Take a pound of crawfish tails. Best if they're fresh and just shelled, but realistically you'll probably use frozen: be sure they're thawed before you start. If your grocery store doesn't have even frozen crawfish tails, buy the manager a drink and explain the facts of life to him. Or move. Your call. But you live in the hell of your own making.
OR you can use a pound of shelled shrimp.
OR you can use a pound of lump crabmeat.
OR a pound of oysters.
Some poor souls have even used a pound of lean quartered chicken-breast.
Cook one pound of pasta, any sort you like. Rotelli is best as it hangs on to more sauce. Thicker is better, and spaghetti, while probably already in your cupboard, doesn't give the surface area for the sauce to cling to.
Drain the pasta, rinse in cold water, drain it again. Set it aside.
Melt a pound of butter in a LARGE saucepan (I'd use my pasta pot) over a medium heat.
("Wait, wait," you are saying. "A whole pound of butter? Isn't that... bad for you or something?" Hush, hush, my child. It's about to get worse. Do not use margarine. There is a special place in the underworld for those who use margarine.)
Sautée six cloves of garlic and a big bunch of chopped green onions in that butter until they're soft. Keep stirring it: it should only take about three minutes.
Add the seafood or cubed chicken. Sautée for two or three minutes.
Add a pint of half-and-half. (I told you it was going to get worse. Tomorrow you can eat Granola all day if it makes you feel better.)
Add a few pinches of Tony Chachere's Creole Seasoning. This is very much to taste, but stir in a couple of pinches and sample before adding more. You want to avoid it getting too salty and aim for a nicely balanced, flavorful creaminess. But the greater sin would be leaving it too bland.
Five minutes, ten at the most: cook until thickened. I tend to stir it a lot, but that's just me.
Add the pasta, blend it well, and let it warm over a very low heat for a few minutes.

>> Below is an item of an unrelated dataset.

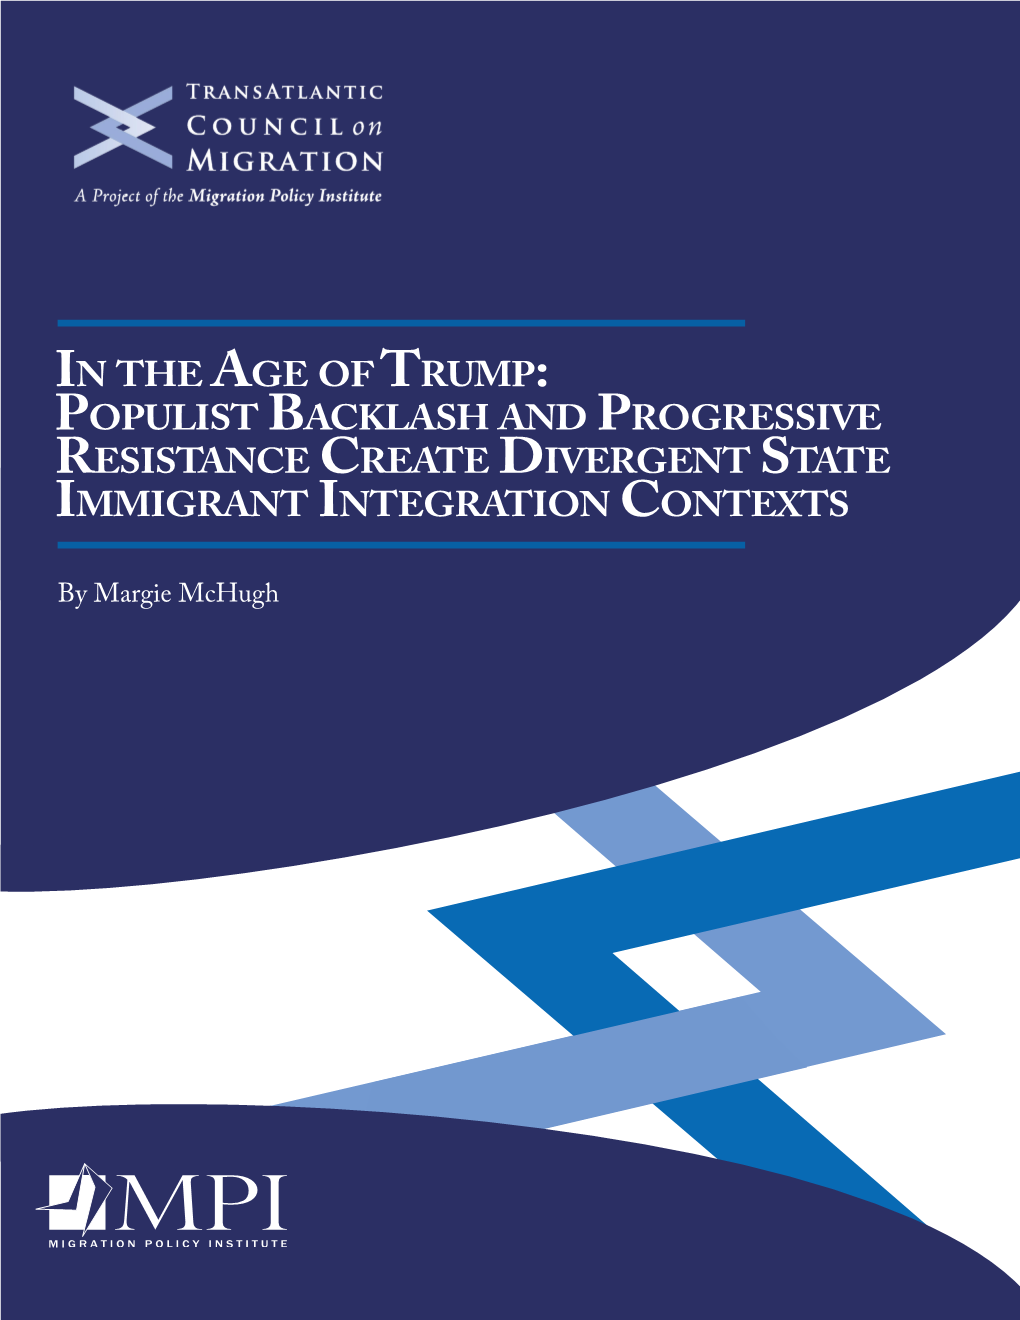 Populist Backlash and Progressive Resistance Create Divergent State Immigrant Integration Contexts

Top it off with some fresh-grated Parmesan cheese (not that hideous stuff in green tubes). Serve it up at once with a stiff chilled white wine, french bread (and don't be shy about sopping up all that sauce), and the business card of a good heart surgeon.


Reader Comments (4)
Natalie Merchant STILL has it going on....Love her.
All I had growing up were the radio stations out of Wichita, so I didn't meet Natalie until I found In My Tribe, in college. Tigerlily came out the year I had my first baby and at a time in my life when I'd fallen into sort of a thankful-God-redeems-me-'cause-I'm-no-good-on-my-own philosophy. Singing along with Wonder felt almost subversive, and damn good.
Years ago a coworker told me that he imagined my singing voice to sound like Natalie Merchant's. It's the closest I've ever been to actually being able to sing. I do like her style but could do without the crayfish. We collected some from a local creek years ago and my son took them on as pets and even named them. When someone mentioned "they eat crayfish in Louisiana," my son promptly punished the state by eating the little puzzle piece in our US Map puzzle so we could never get it back. Yeah, that'll show 'em.
Helen said:
I'd sell everything but my children to be able to sing like Natalie Merchant.